Archaeal transcription factor B (ATFB or TFB) is a protein family of extrinsic transcription factors that guide the initiation of RNA transcription in organisms that fall under the domain of Archaea. It is homologous to eukaryotic TFIIB and, more distantly, to bacterial sigma factor. Like these proteins, it is involved in forming transcription preinitiation complexes. Its structure includes several conserved motifs which interact with DNA and other transcription factors, notably the single type of RNA polymerase that performs transcription in Archaea.

== History ==
In bacteria and eukaryotes, proteins TFIIB and sigma factor are involved in the initiation of transcription, where they facilitate preinitiation complex formation and specific RNA Polymerase-DNA binding. The archaeal counterpart to these two proteins is TFB, which was first identified in the species Pyrococcus woesei in 1992. Since then, research has found that archaeal species must contain at least one copy of TFB to function, although some species may have multiple isoforms in their genome.

== Structure ==
TFB is a single polypeptide, around 280 to 300 amino acids in length and 34 kDa in mass, that is required for the recruitment of RNA polymerase (RNAP) to begin transcription, and it may also affect the transcription complex's structure during changes that occur before transcription, though specific mechanisms are unknown. TFB's structure consists of an amino-terminal region (TFB_{N}) with conserved sequences and complex structures, linked to a larger, globular carboxyl-terminal region (TFB_{C}). While the N-terminal domain mediates the RNAP interactions, the C-terminal domain mediates interactions with complex formed of the TATA box and TBP, a DNA sequence and polypeptide involved with translation initiation. The degree of conservation of TFB's sequence throughout Archaea ranges from 50% to 60%. In respect to its eukaryotic equivalent, TFB shows "high levels of structural and functional conservation." The interactions between TBP and a sequence upstream of the TATA box governs transcription polarity, "yields an archaeal preinitiation complex," and orients the complex in the direction in which the target gene should be transcribed. The TBP shows an inverted orientation compared to the eukaryotic TFIIB.

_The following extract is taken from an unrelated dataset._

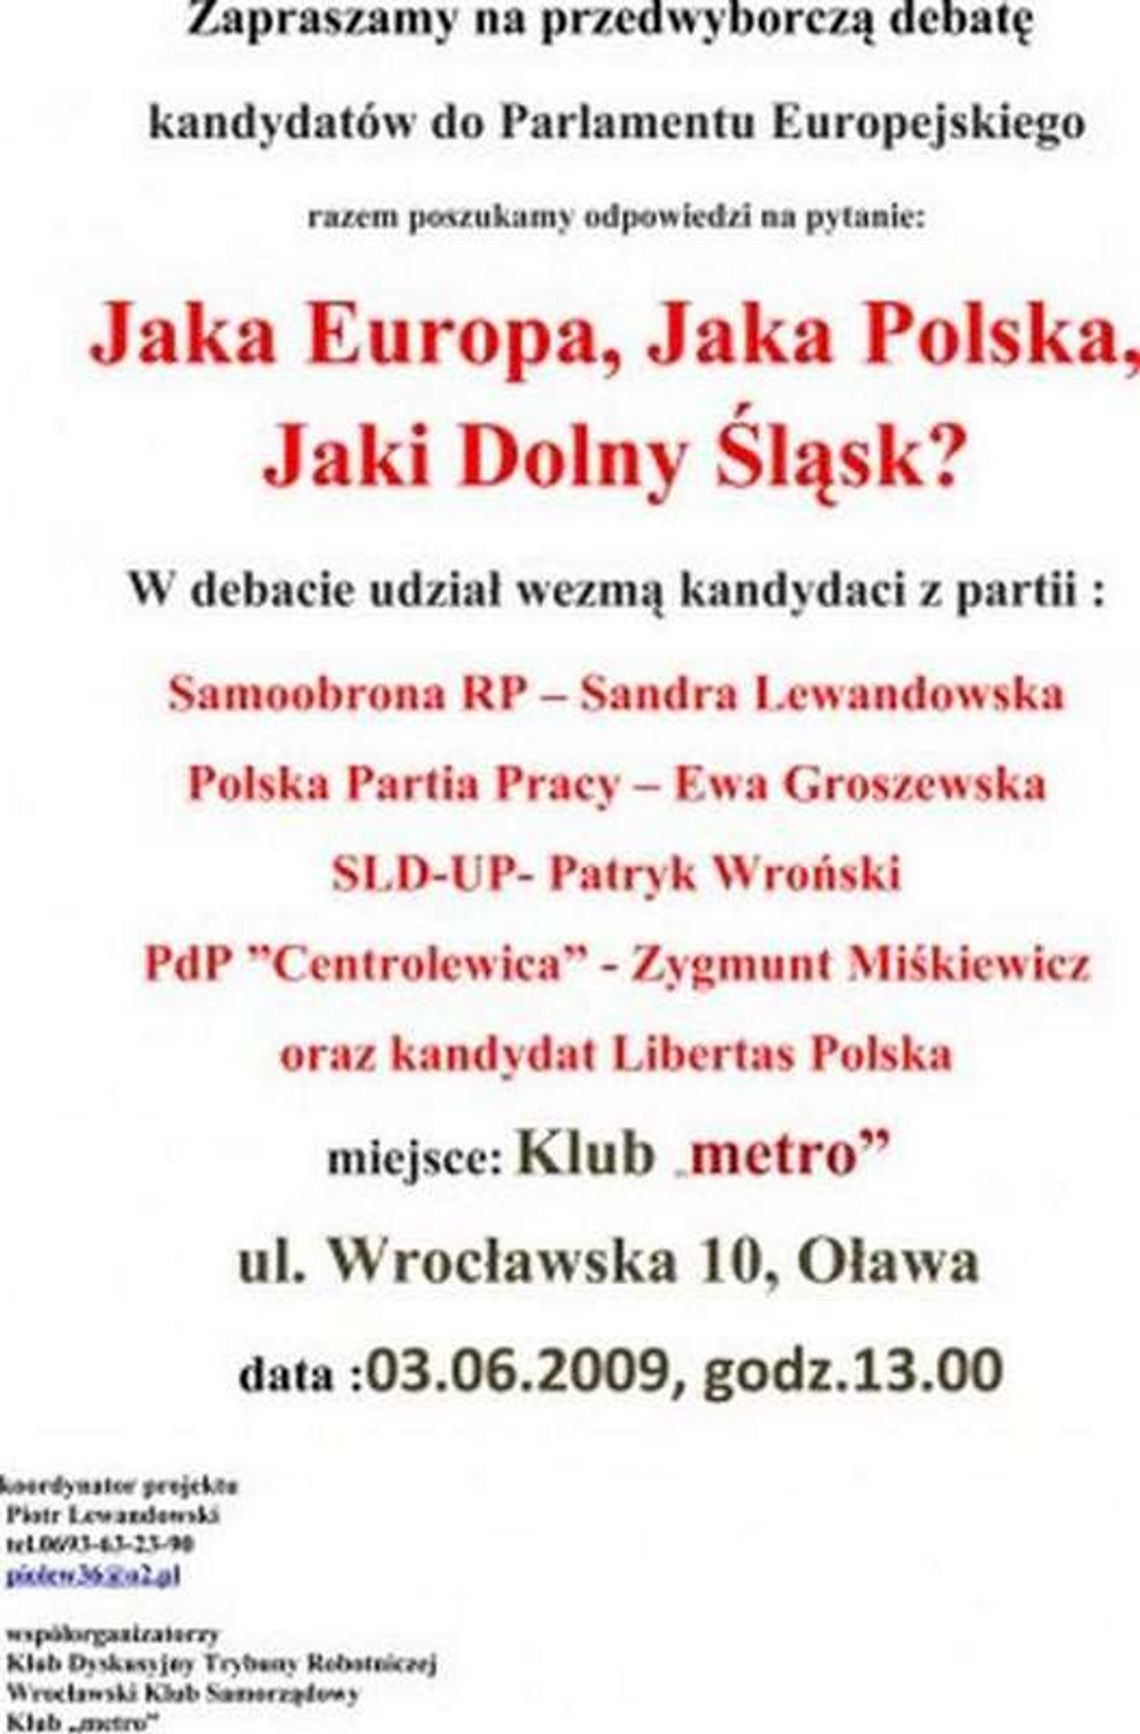 Jaka Europa, jaka Polska, jaki Dolny Śląsk - debata
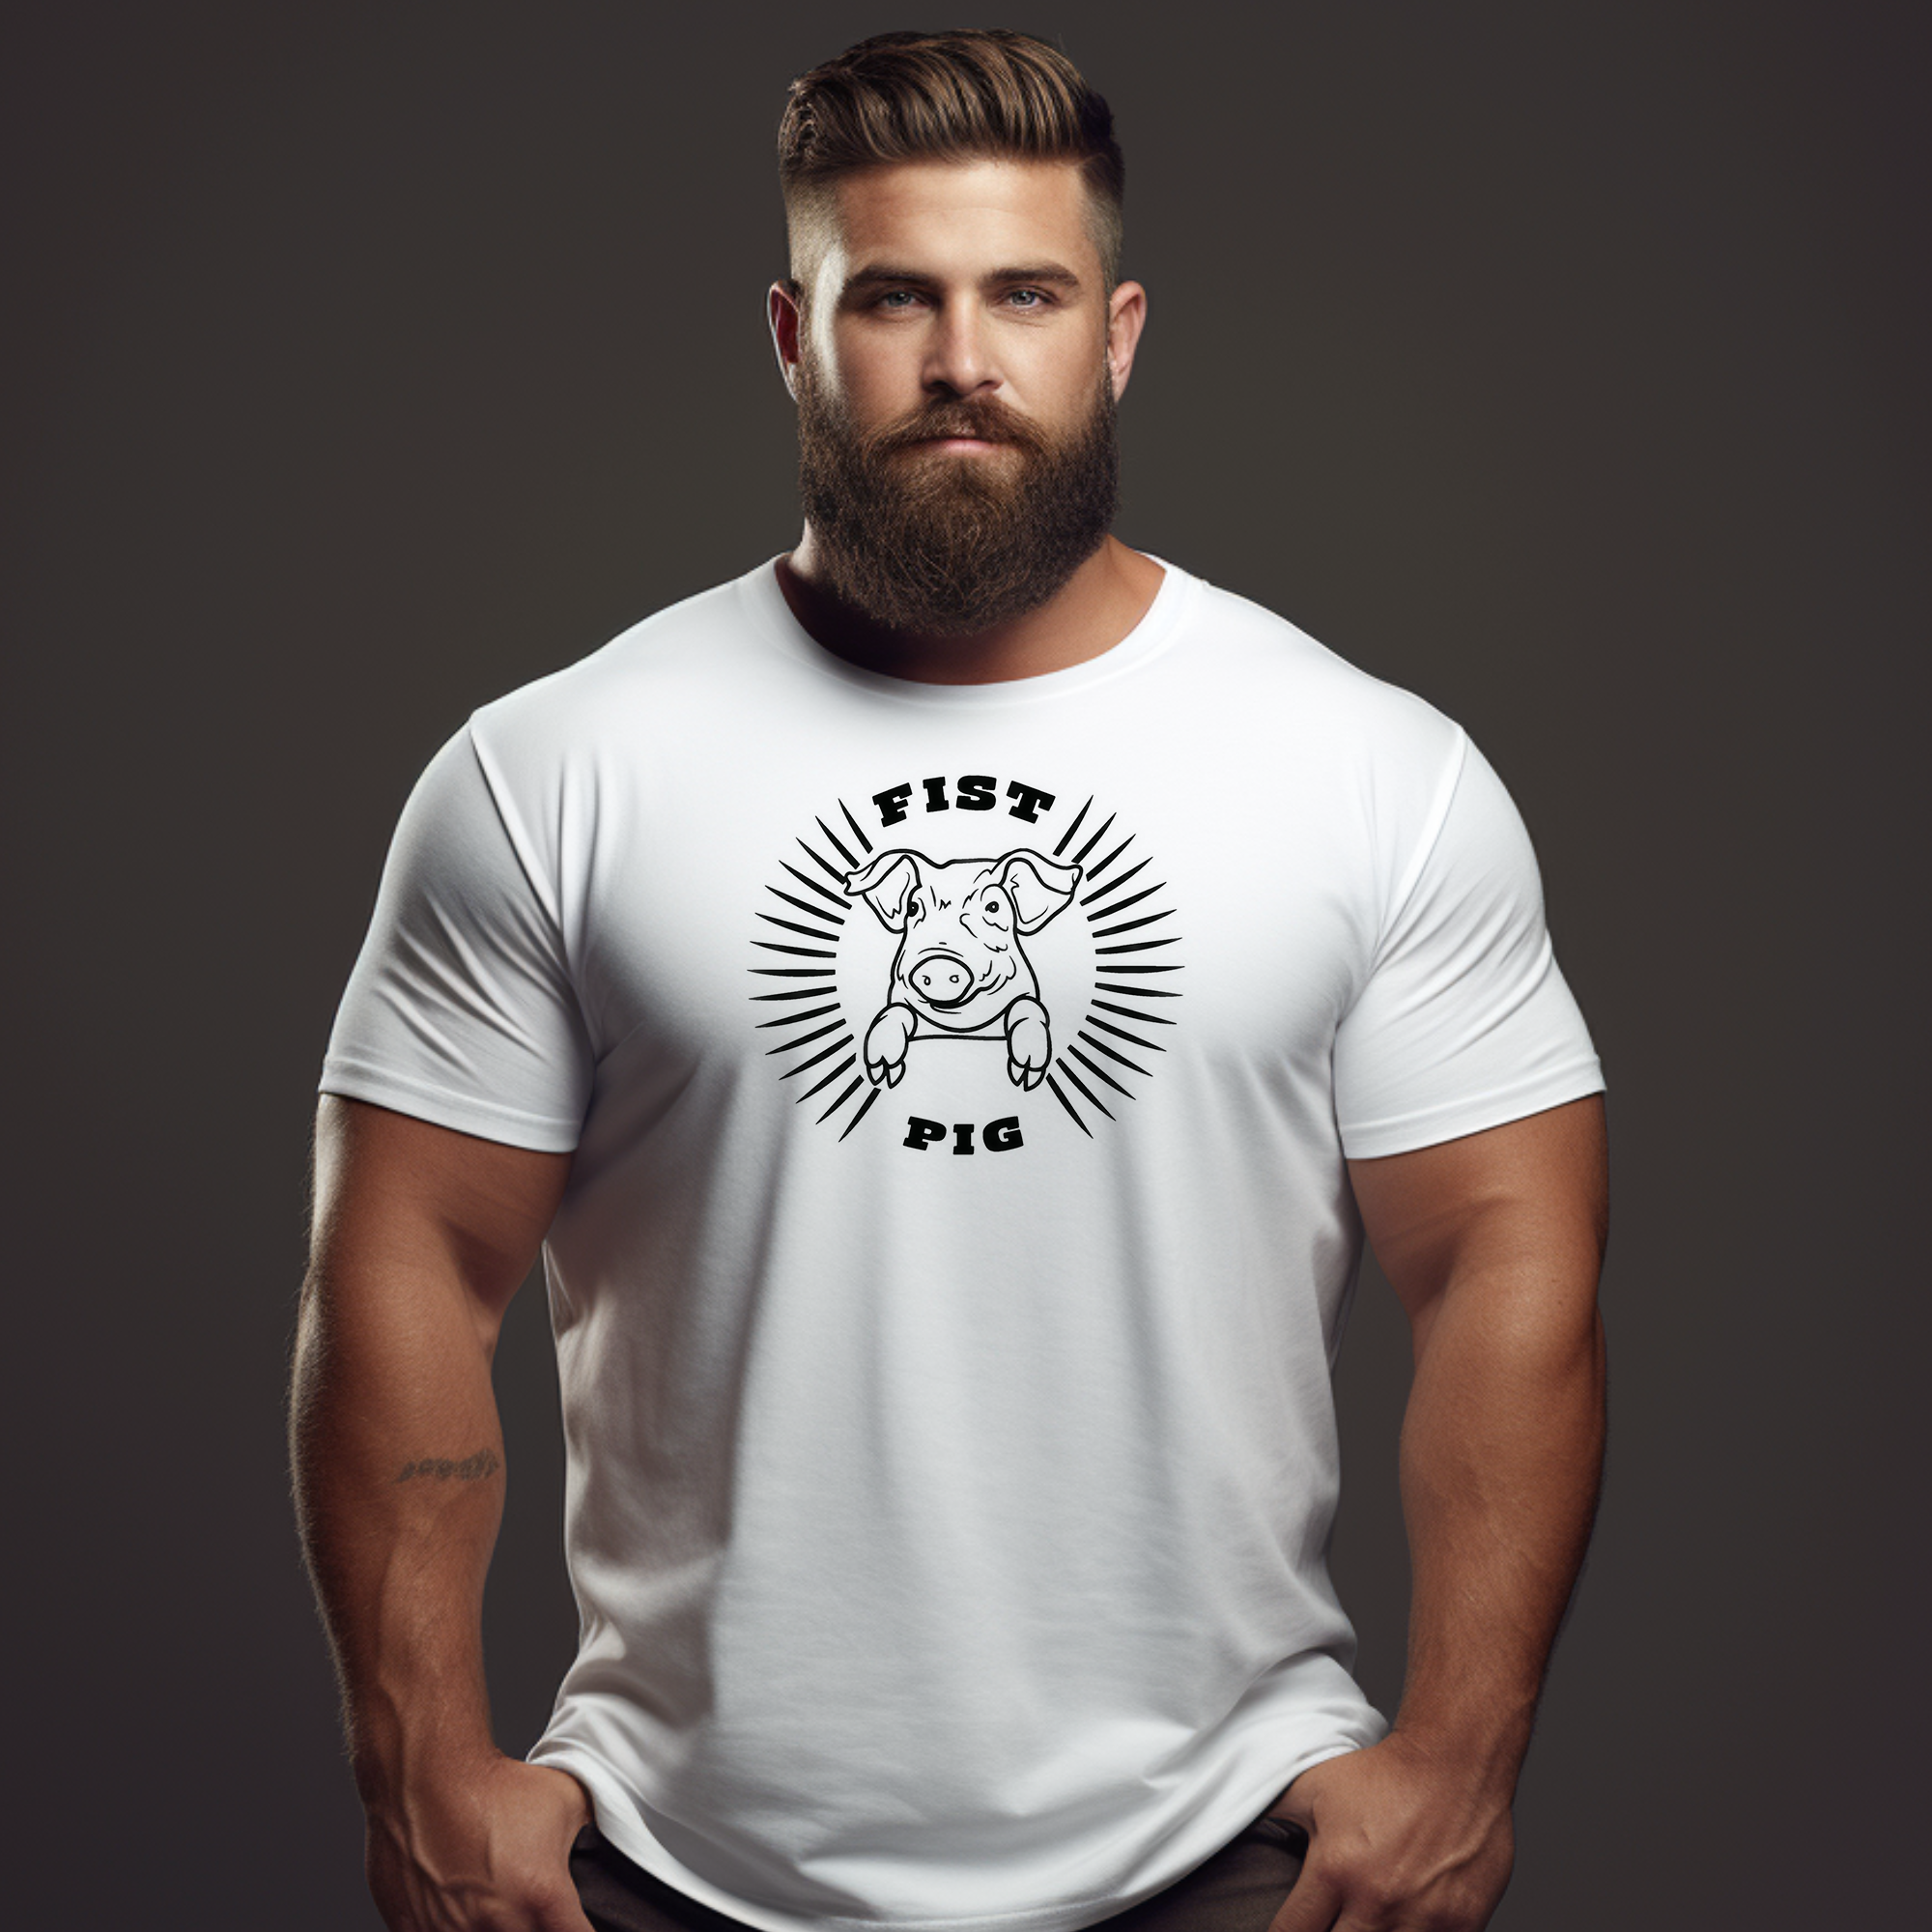 Tits T-shirt - Double Fistin Mens T-shirt

TFB_{N} makes up approximately one third of the protein and contains both a B-finger motif (homologous to the TFIIB B-finger) and a zinc-finger motif, the latter of which is located at amino acids 2-34. The N-terminal domain size varies from 100 to 120 amino acids in length. Crosslinking experiments have shown this domain is located close to the transcription start site. The zinc-finger interacts with the RNAP dock domain, and the B-finger may affect RNAP-promoter interactions. TFB_{C} contains motifs which interact with the TATA binding protein (TBP), the TFB-recognition elements (BRE) upstream of the TATA box, and sequences of DNA downstream of the TATA. Its size is approximately 180 amino acids, which is made up of two repeats of a 90-amino acid sequence. The C-terminal domain specifically may be what influences the direction of the preinitiation complex. Since TFB_{N} binds the RNAP and TFB_{C} binds the TBP-TATA complex, TBP connects the two.

== Mechanism ==
TFB is recruited by another translation factor, TBP, after it recognizes the TATA box and bends the DNA so transcription can initiate. TFB stabilizes the TBP-DNA complex so that the proteins can recruit RNA Polymerase and melt the DNA via a yet-unknown mechanism. This opening of the DNA is not an energy-dependent process in Archaea; since TFB, TBP, and RNAP are located more closely to each other than in Eukarya, the tightness of the proteins and their interactions may provide more areas of contact to open the DNA as well as physically strain the DNA, which leads to an open transcription complex.

TFB uses a zinc ion (Zn^{2+}) as a cofactor and accepts one ion per subunit.